I asked their aunt if she wouldn’t mind us taking a few pictures to share with you all and she said she didn’t.
We have been to many communities, and I must say I am very impressed with how organized the red Hill community leadership is in dealing with and responding to the Ebola crisis. The level of support I am told they give to this family and 3 others in similar situation is really amazing and laudable.
If you are able to help them, please let me know and I will forward the contact info of the family and the community liaison.
you can follow our daily activities on the facebook page facebook.com/KidsEngagementProjectLiberia
Its indescribably fulfilling when you notice that parents are taking heed to your message. While out distributing and doing follow-up with parents in the community for the Project Kids Engagement, we walked on this father taking the time to tutor his kids at home.

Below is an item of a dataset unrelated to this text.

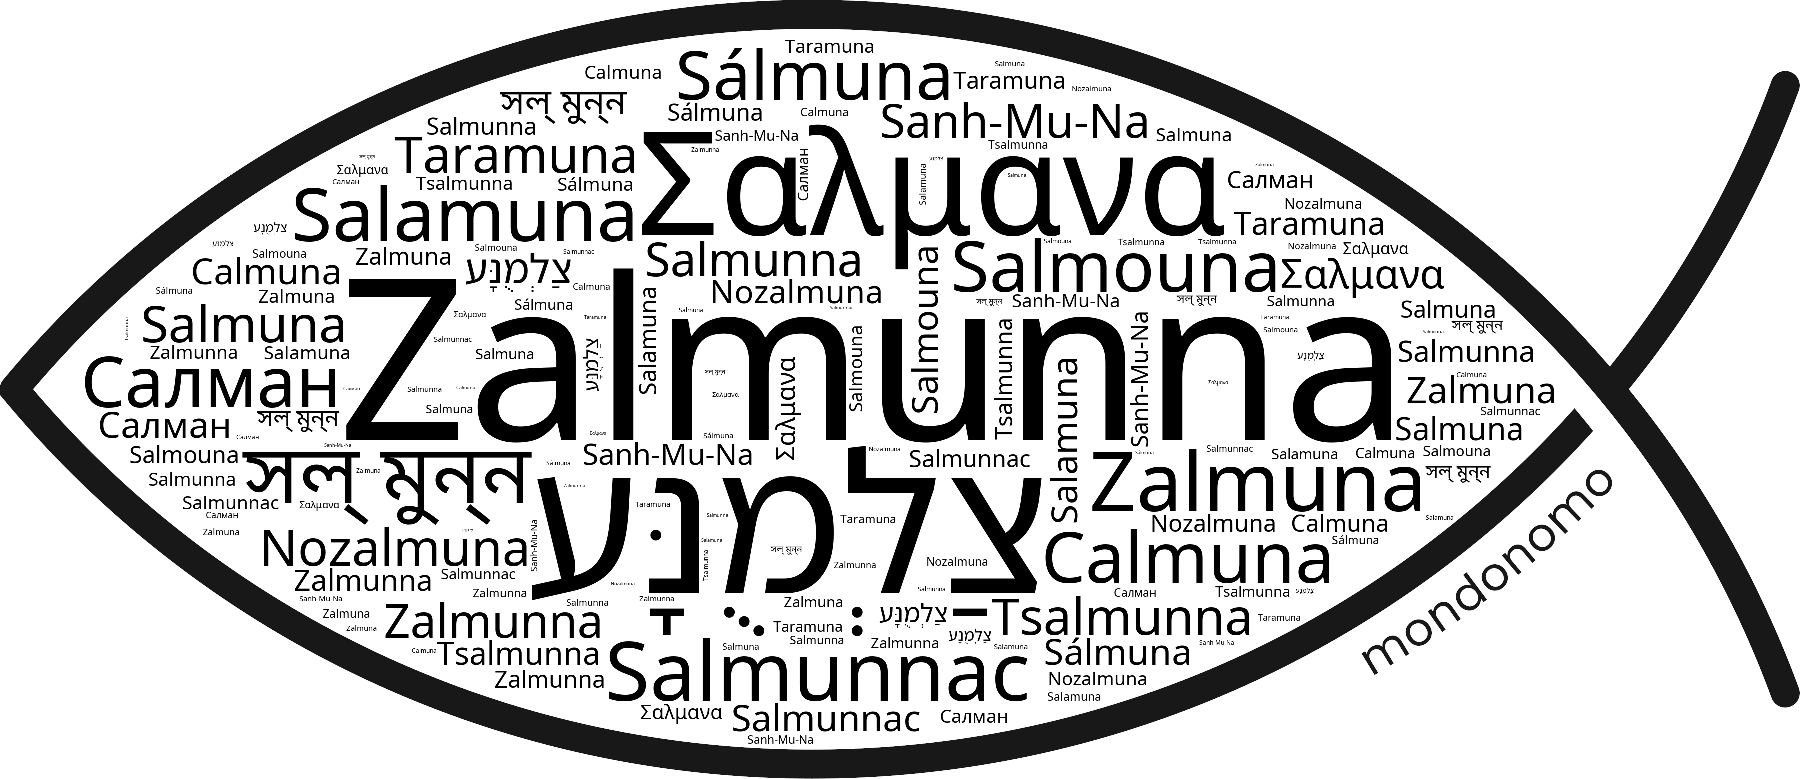 Name Zalmunna in the world's Bibles

He says he drives a taxi cab during the day and doesn’t usually have time every day to tutor his kids, but leave daily “assignments” for them to finish using the worksheets we provided and reviews their work on Sundays.
The message continues to be: Schools are closed indefinitely in Liberia due to the Ebola Virus Disease crisis. Do not let the time go to waste, make time to tutor your kids so that they are kept engaged academically so that they aren’t too far behind when schools do reopen.
Really happy that one father at least is heeding our message.